Galman v Pamaran; G.R. Nos. L-71208-09 and L-71212-13; 30 Aug 1985; 138 SCRA 274

FACTS:

Private respondents were charged as accessories for the killing of Sen. Benigno Aquino and Rolando
Galman. In the course of the joint trial, the prosecution offered in evidence their individual testimonies
before the Agrava Board, the ad hoc Fact Finding Board created under Presidential Decree 1886 to
determine the facts and circumstances surrounding the killing.

ISSUE(S):

Whether or not their testimony before the Board made private respondents immune from prosecution
by virtue of their right against self-incrimination.

RULING:

NO. PD 1886 grants merely immunity from use of any statement give before the Board, but not
immunity from prosecution by reason or on the basis thereof. Merely testifying and/or producing
evidence do not render the witness immune from prosecution notwithstanding his invocation of the
right against self-incrimination. He is merely saved from the use against him of such statement and
nothing more.

Petition is DISMISSED for lack of merit.


356.

Mapa v. Sandiganbayan, 231 SCRA 783

FACTS:

Petitioner herein was charged with violation of Anti Graft and Corrupt Practices.However he was
granted an immunity from suit by the PCGG related to the previous charges against him, provided that
he will testify as witness against the Marcoses in criminal proceedings in the United States Vs Ferdinand
Marcos, during the RICO, where Ferdinand Marcos and his wife, Imelda Marcos were being tried for
charges of corruption. All the expenses of Mapa were shouldered by the PCCG when they flew to New
York to testify against the Marcoses. During the trial, Ferdinand Marcos died and La Bella, the American
prosecutor dispensed the testimony of Mapa and thereby acquitted Imelda Marcos. Since Mapa, was
not able to testify, it was contended that the immunity from suit of Mapa took without force and effect.
However, the record shows that the petitioners provided information to the PCGG relating to the
prosecution of the RICO cases against the Marcoses in New York. Hence this petition.

ISSUE:

Whether or not the immunity given by the PCGG to Mapa is still in effect and force.

HELD:

Yes. Under Sec. 5, EO 14, the PCGG has the separate power to grant immunity to any person from being
prosecuted provided they will meet the conditions provided by the PCGG.

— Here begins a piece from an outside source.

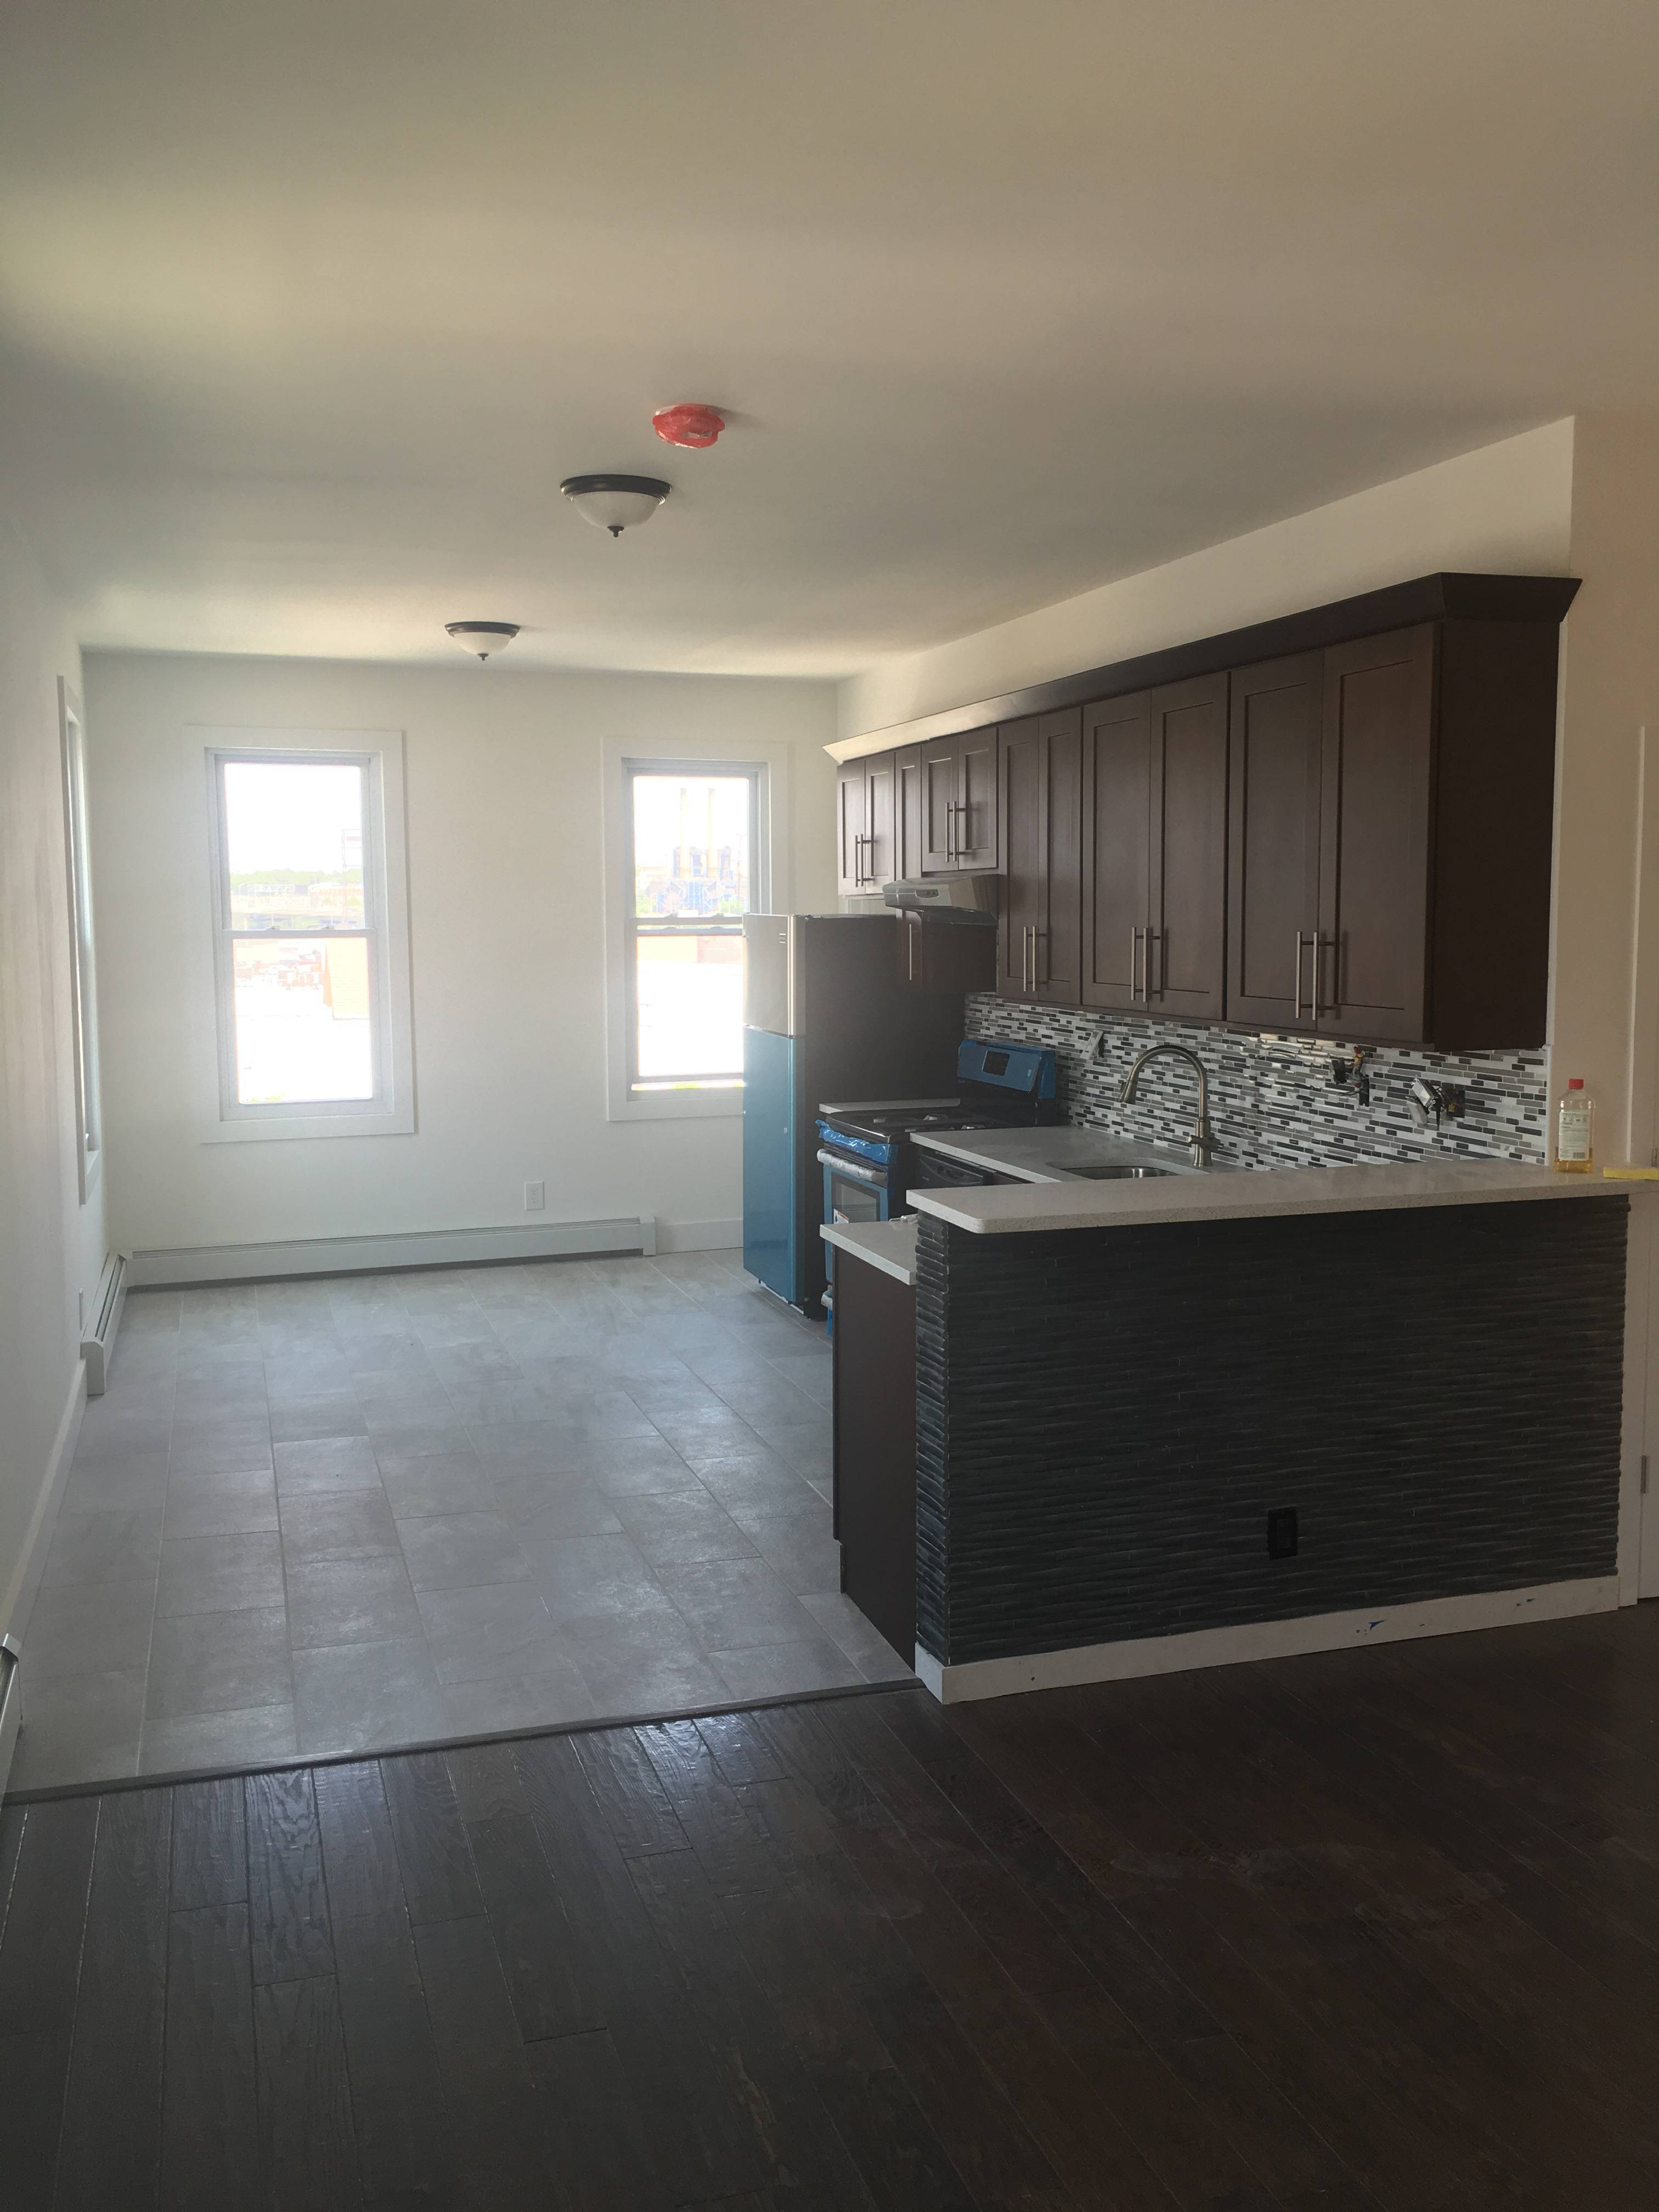 Newly Renovated 3-Bedroom Apt. Available July 1st!

In the case at bar, Mapa was granted immunity from the prosecution or criminal case where he is being
tried, and the PCGG even shouldered all the expenses of Mapa when they flew to New York to testify
implying that Mapa was able to meet the conditions and the PCGG accepted the information given by
him (MAPA) to testify against the Marcoses during the RICO trial. Failure of the petitioner to testify on
the RICO can not nullify the immunity given to him by the PCGG since the petitioner was able to satisfy
the requirements both of the law and the parties’ implementing agreements. Though the petitioners
were not able to testify against the Marcoses in RICO, it can be said that it not their own fault.

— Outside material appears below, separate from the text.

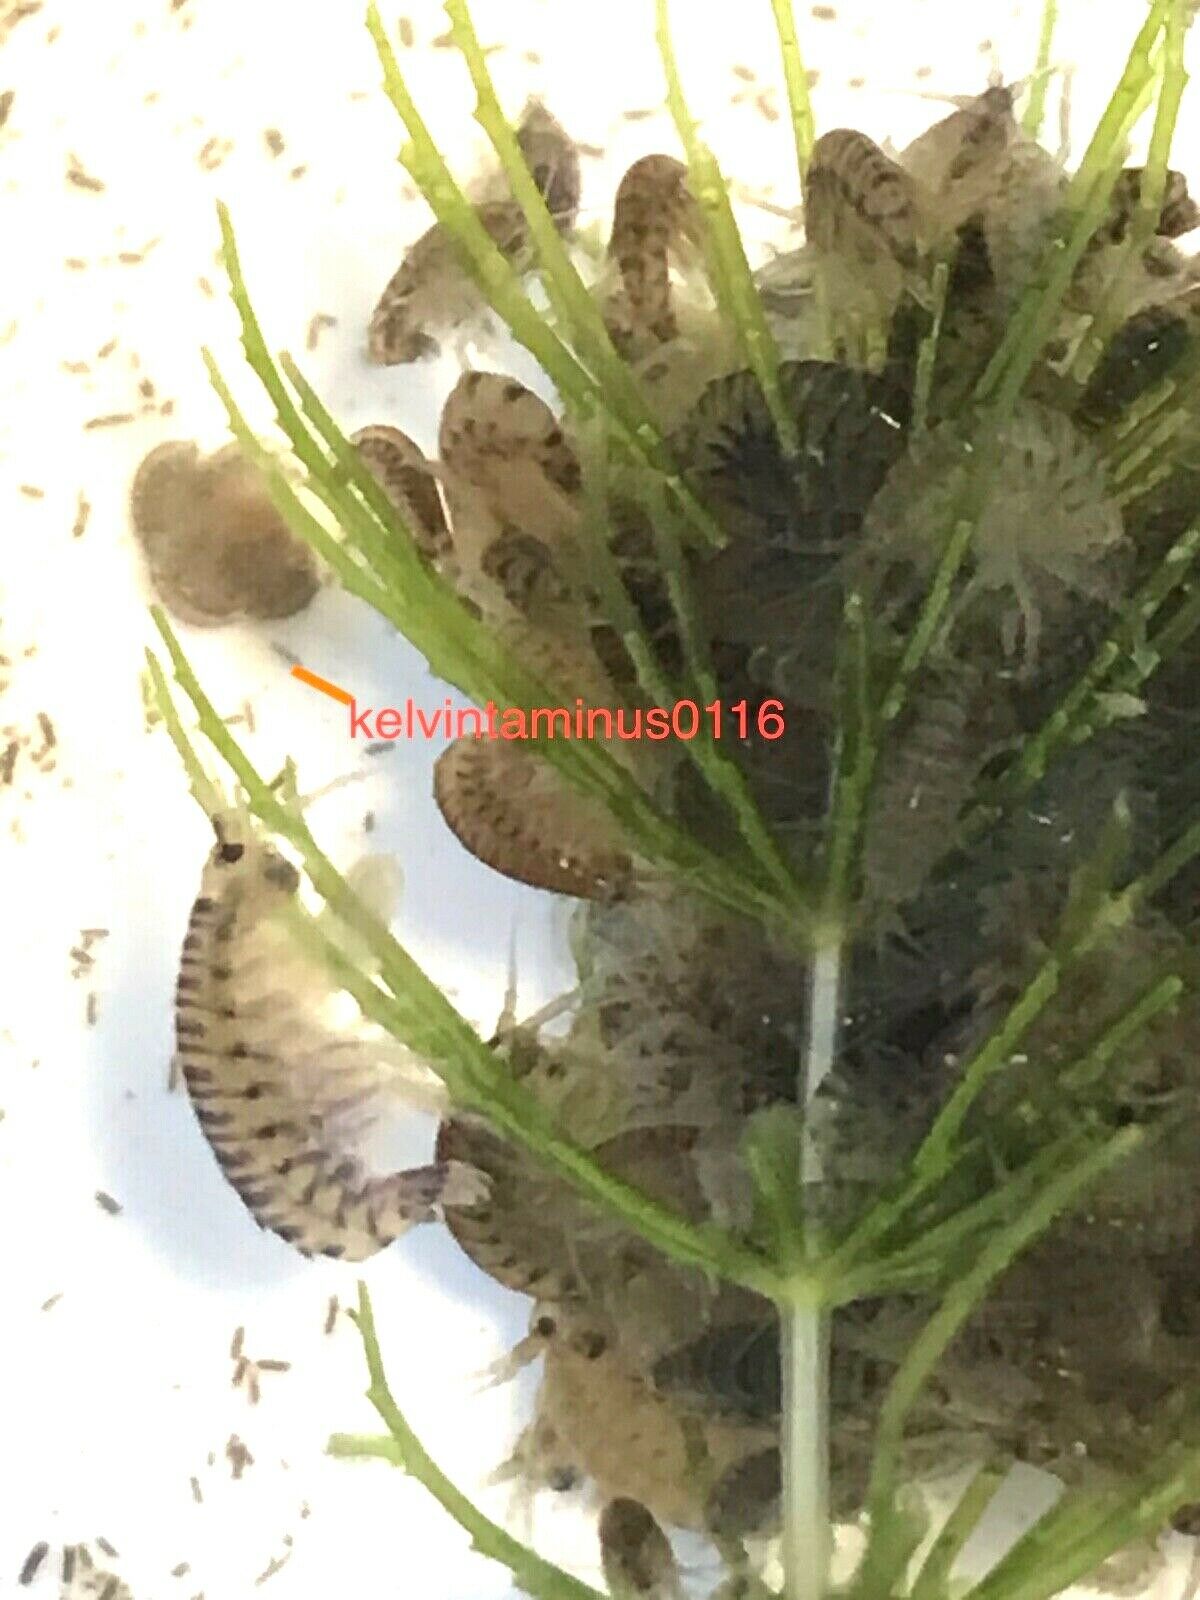 Live Food - Freshwater Scuds/ Gammarus/ Amphipods Multiple Quantity Selection

Wherefore, the petitioner must be acquitted on the basis of the immunity granted by the PCGG, which
under the law has the power to grant immunity.

TWO KINDS OF IMMUNITY CAN BE GRANTED:

1. Transactional Immunity - is broader aint he scope of its protection. By its grant the witness can no
longer be prosecuted for any offence whatsoever arising out of the act or transaction.
2. Used-and-derivative-use - a witnessed is only assured that his or her particular testimony and
evidence derived from it will not be used against him or her in a subsequent prosecution.